C'mon, give it your best shot.


----------



## Meanderer (Jul 29, 2015)

Hot Dog!


----------



## SifuPhil (Jul 29, 2015)

Freddie suddenly realized that he'd look terrible with a wave ...


----------



## Jackie22 (Jul 29, 2015)

"I do hope she didn't wind too tight, I hate frizz."


----------



## Shalimar (Jul 29, 2015)

Does this collar make me look fat?


----------



## Shirley (Jul 29, 2015)

I wish she'd hurry up.
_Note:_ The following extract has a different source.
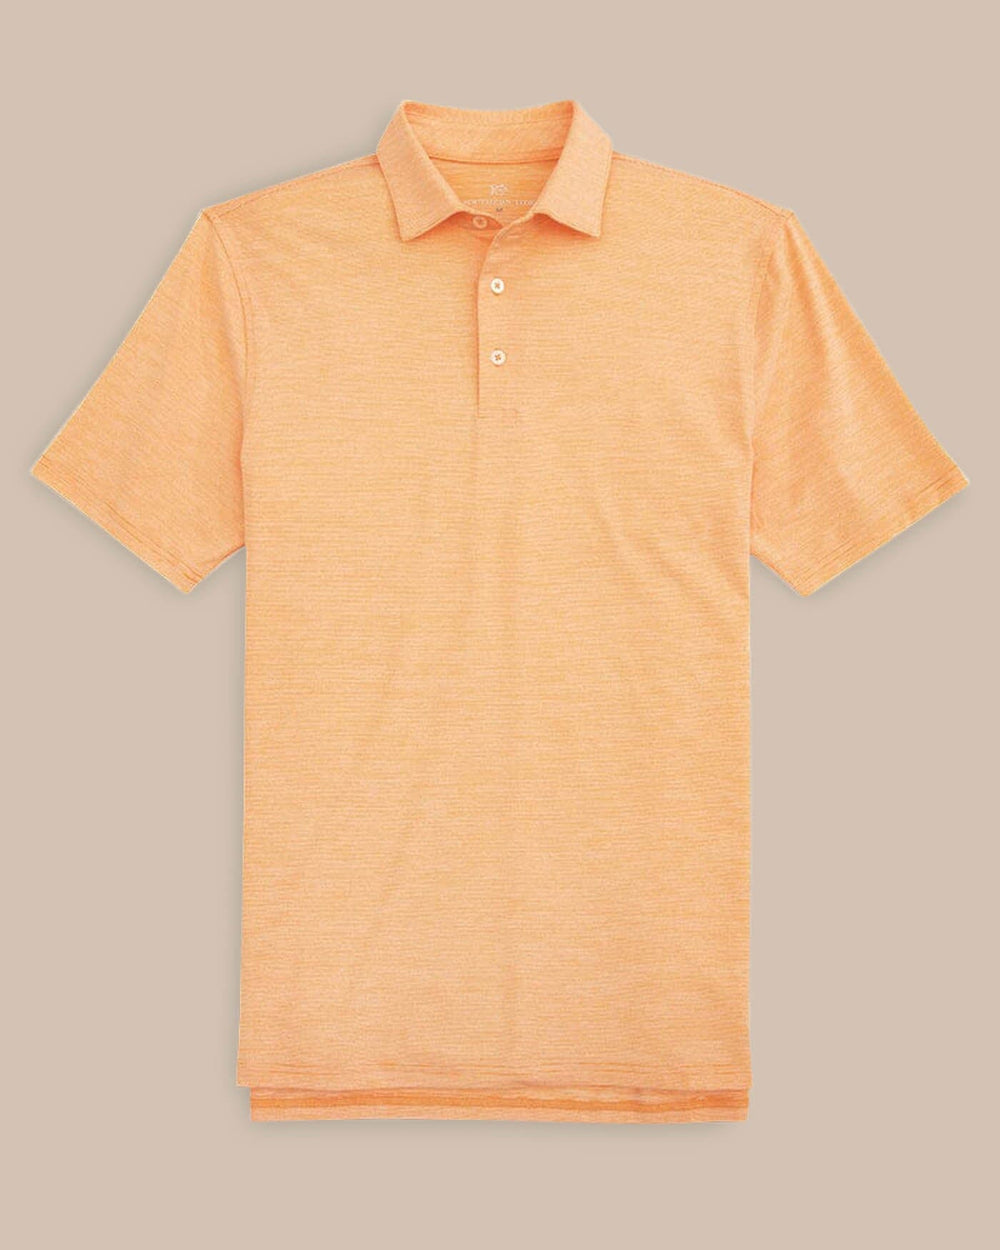 The front view of the Team Colors Driver Spacedye Polo Shirt by Southern Tide - Rocky Top Orange
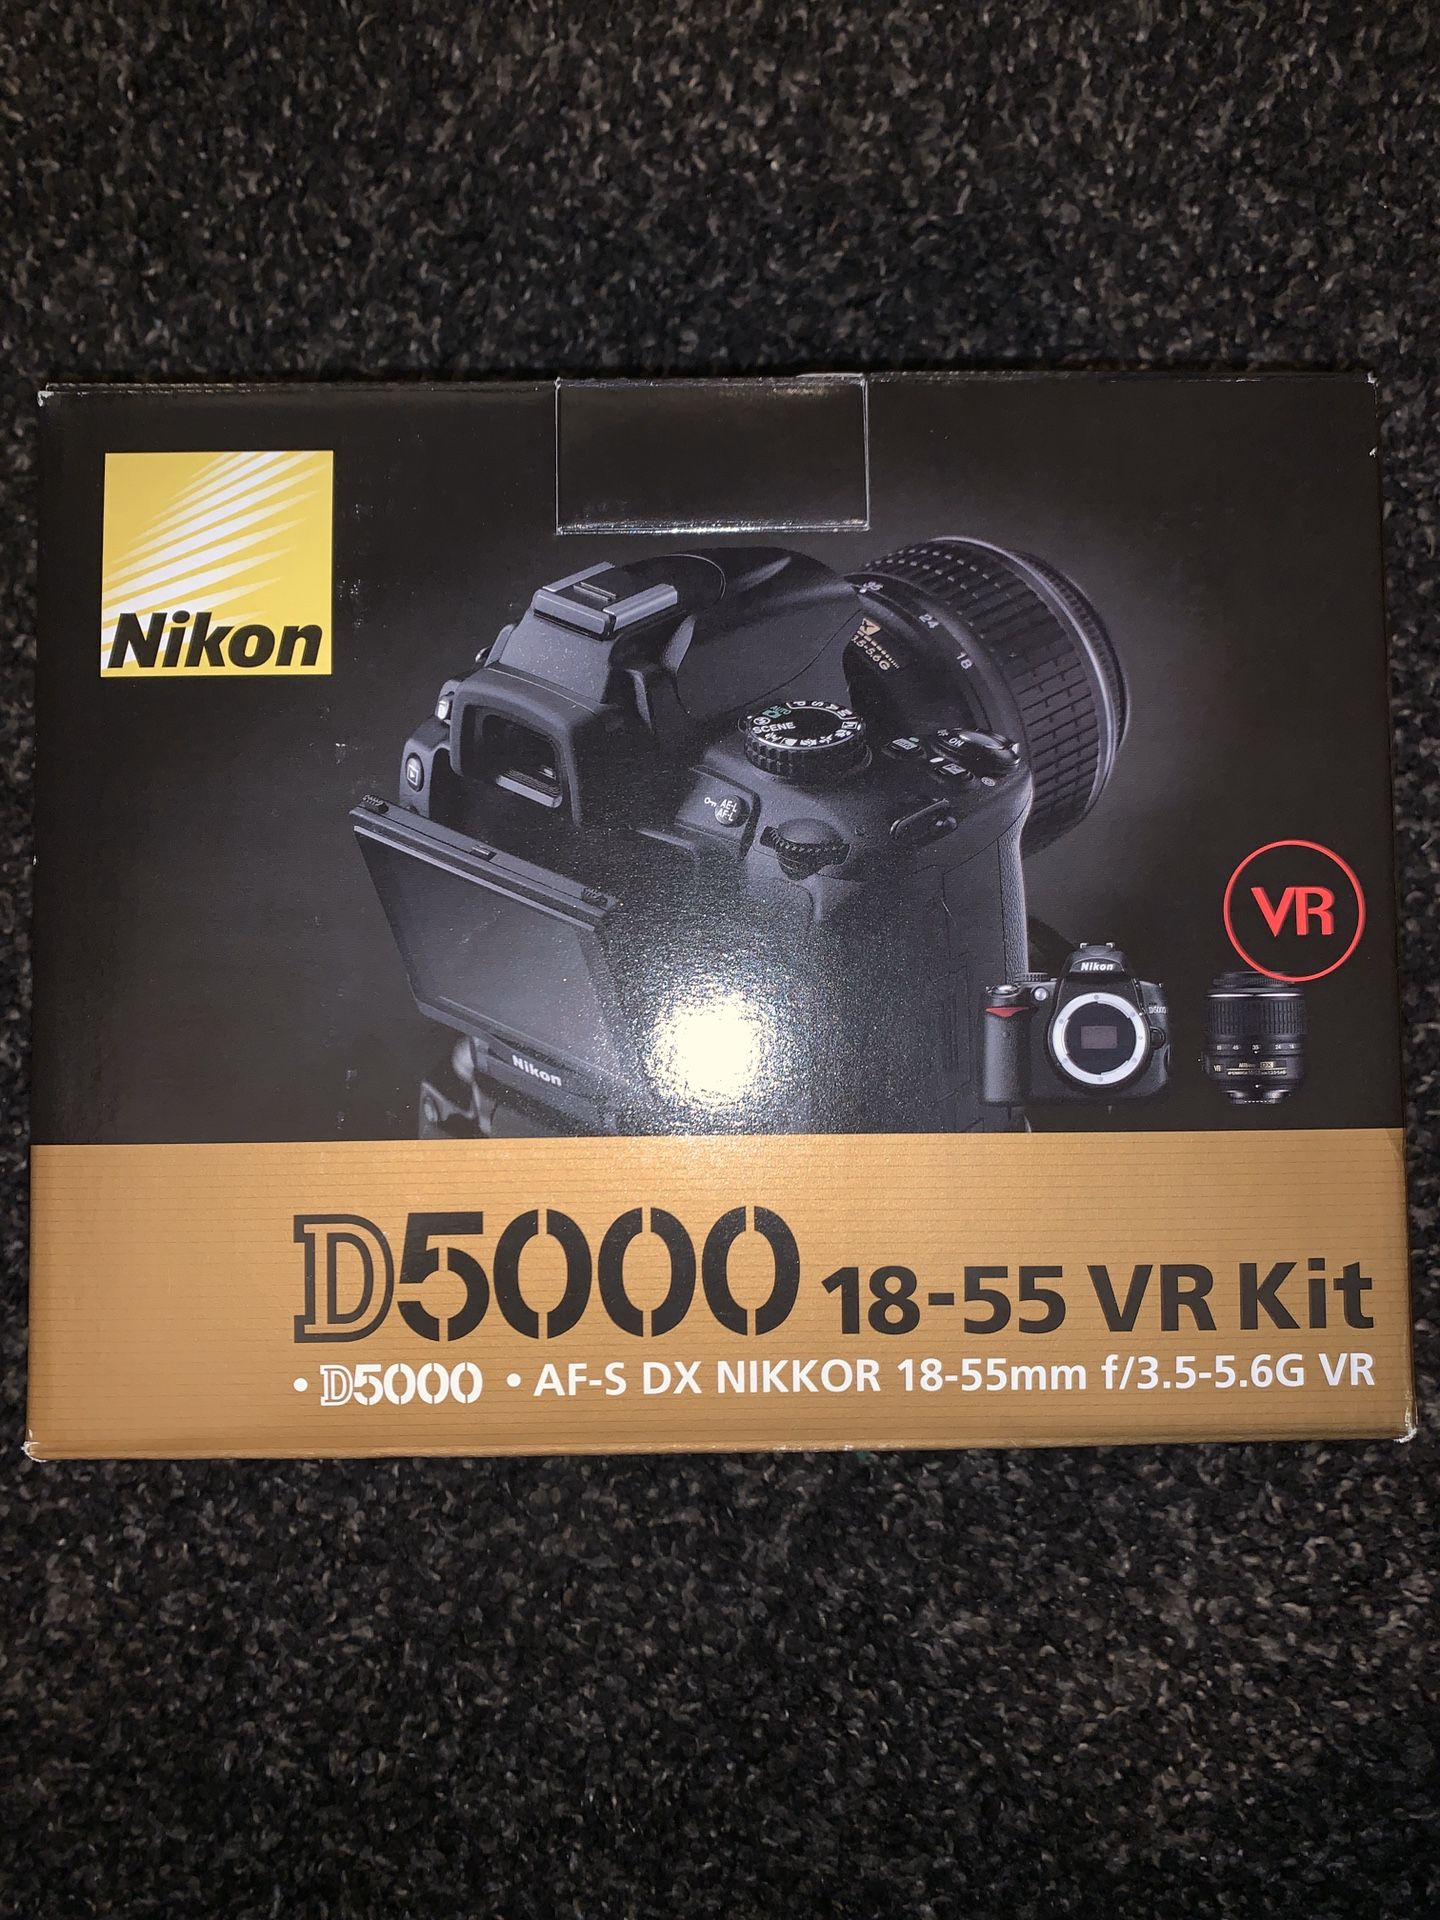 Nikon D5000. Comes with lense, battery & charger

I gotta pee!


----------



## Meanderer (Jul 29, 2015)

Ro-Roh!


----------



## Pappy (Jul 29, 2015)

Good ones all. 
 I'm going to bite that kid right on the ass when I get outta here.


----------



## RadishRose (Jul 29, 2015)

Mom are you gonna look like that dog when you get outta that thing?


----------



## jujube (Jul 29, 2015)

"As soon as I get groomed, my owners are going to make me smart!  They said they're taking me to the vet to get tutored........"


----------



## Cookie (Jul 29, 2015)

Don't look now, but I think I've been spotted.


----------



## JustBonee (Jul 30, 2015)

"I've really got better things to do on a Saturday afternoon!"


----------



## RadishRose (Jul 30, 2015)

jujube said:


> "As soon as I get groomed, my owners are going to make me smart!  They said they're taking me to the vet to get tutored........"




"Tutored".....LOL


----------